Closed this issue · 8 comments
E
E
If I understood it correctly, there are these two approaches:
-
You always initialize the decoder hidden state with a projected context-embedding (reset=True). This means you feed a newly generated response back to the encoders to generate a new context embedding for the new turn. This embedding is, after projection, used to initialize the decoder for the next turn.
-
You initialize the decoder only when generating the first turn and from then on the decoder continues with its own hidden state for each consecutively generated response (reset=False).
I would say that those important inter-turn dependencies are encoded during the utterance- and context-encoder steps and that the decoder has not that much to do with that.
Did you also train the model with the same flag reset_utterance_decoder_at_end_of_utterance
?
E
Oh, I thought that when (reset=True) that means you reset the hidden states and so the next turn will not be affected by previous turns (which is a bad thing) and generates the next turn like a completely independent response or something like that.
In both cases, turns are never independent. You have to distinguish between resetting the decoder hidden state and resetting the utterance-encoder hidden state.

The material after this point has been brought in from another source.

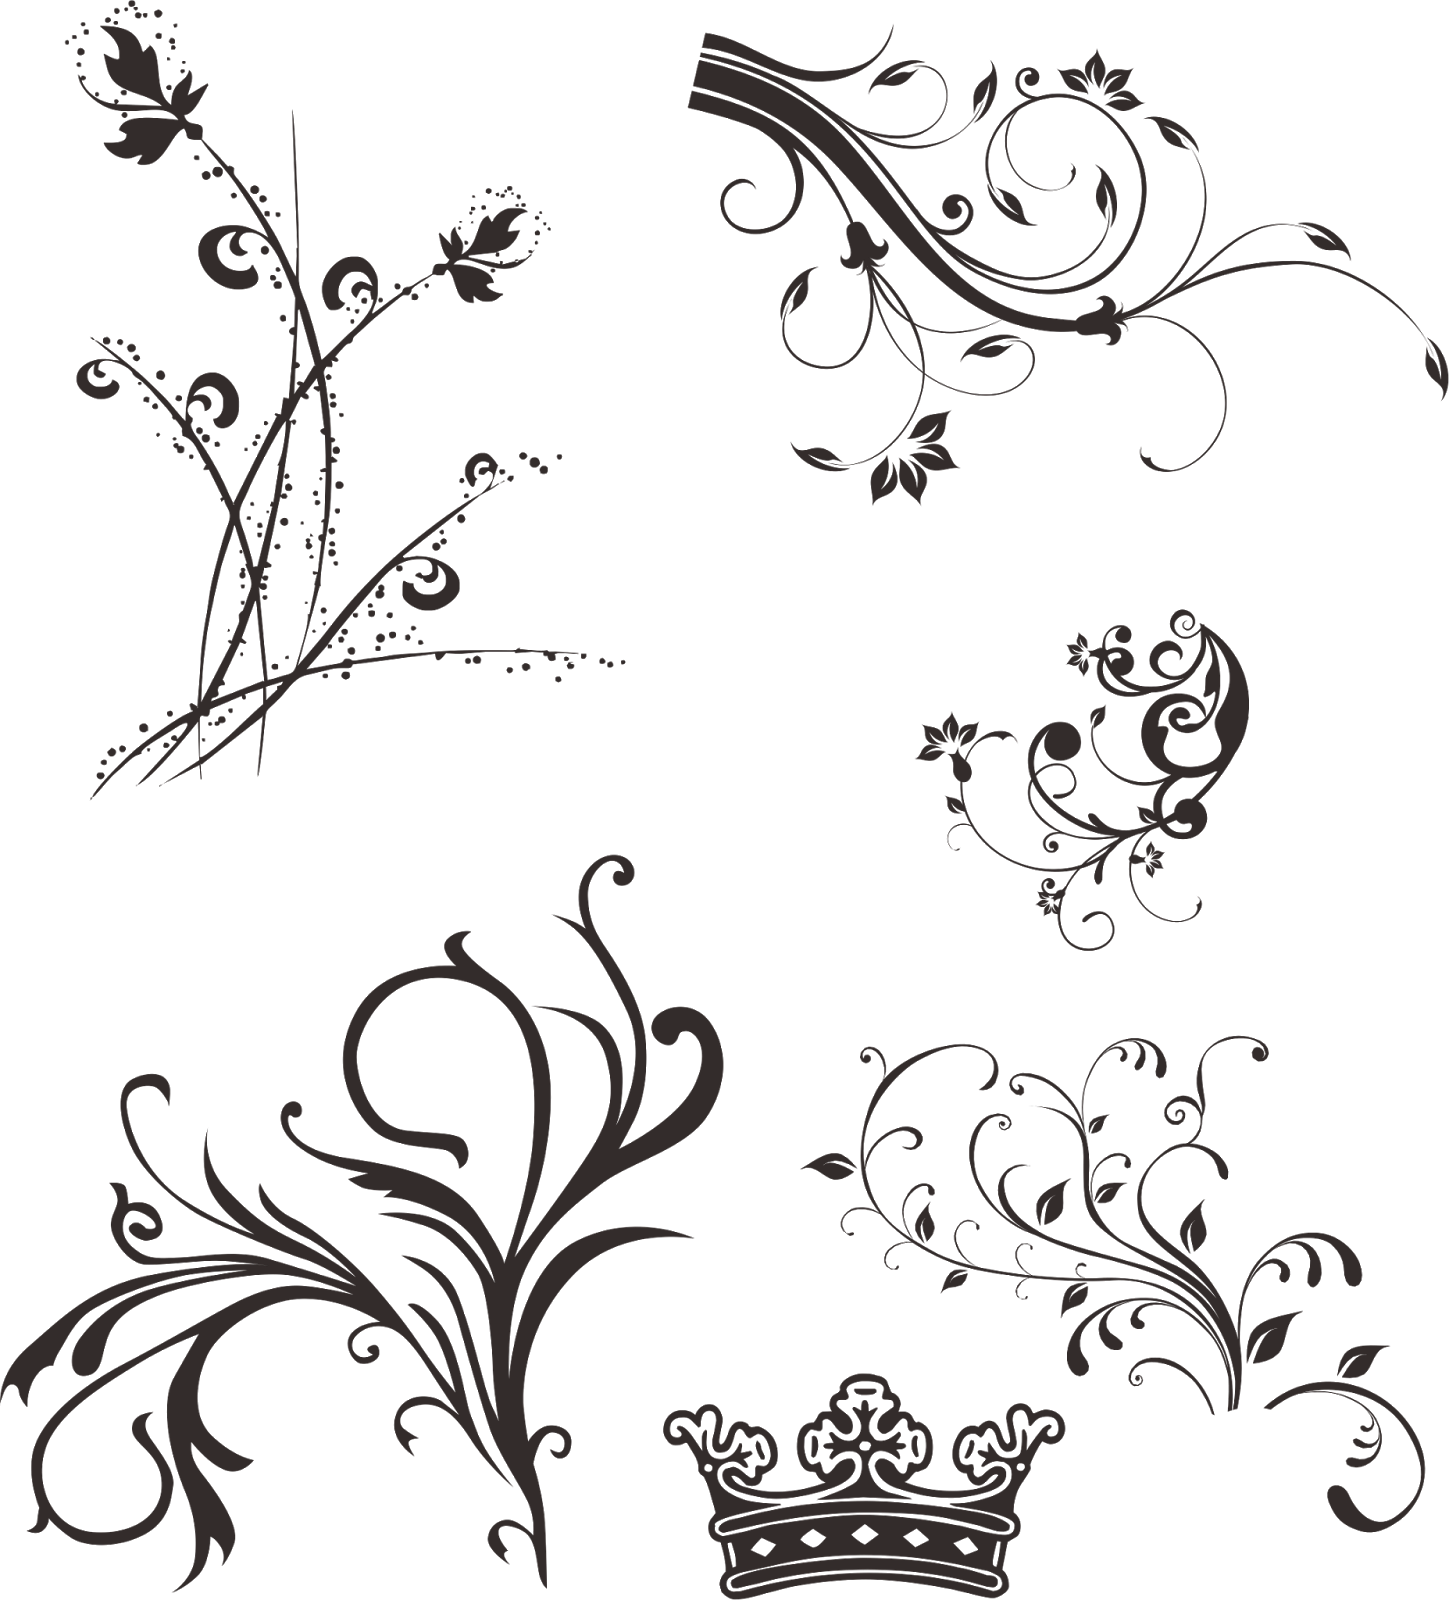 A Black Background With Different Designs

Even if you reset the utterance-encoder hidden state between turns, inter-turn dependencies are still captured by the context-encoder (as it uses the utterance-embeddings as input).
The context encoders hidden state is then used (after a single NN-layer) to initialize the decoder hidden state. This one can then go by either approach 1 or 2 and there generation is also not turn-independent.
E
@dimeldo It looks like there is one "zero_mask" too many in https://github.com/julianser/hed-dlg-truncated/blob/master/search.py#L147-151.
Does it work if you try this instead:
new_hd = self.compute_decoder_encoding(enlarged_context, enlarged_reversed_context, self.max_len, zero_mask, numpy.zeros((self.model.bs), dtype='float32'), ran_vector, ones_mask)
Thanks, it's working now. Closed.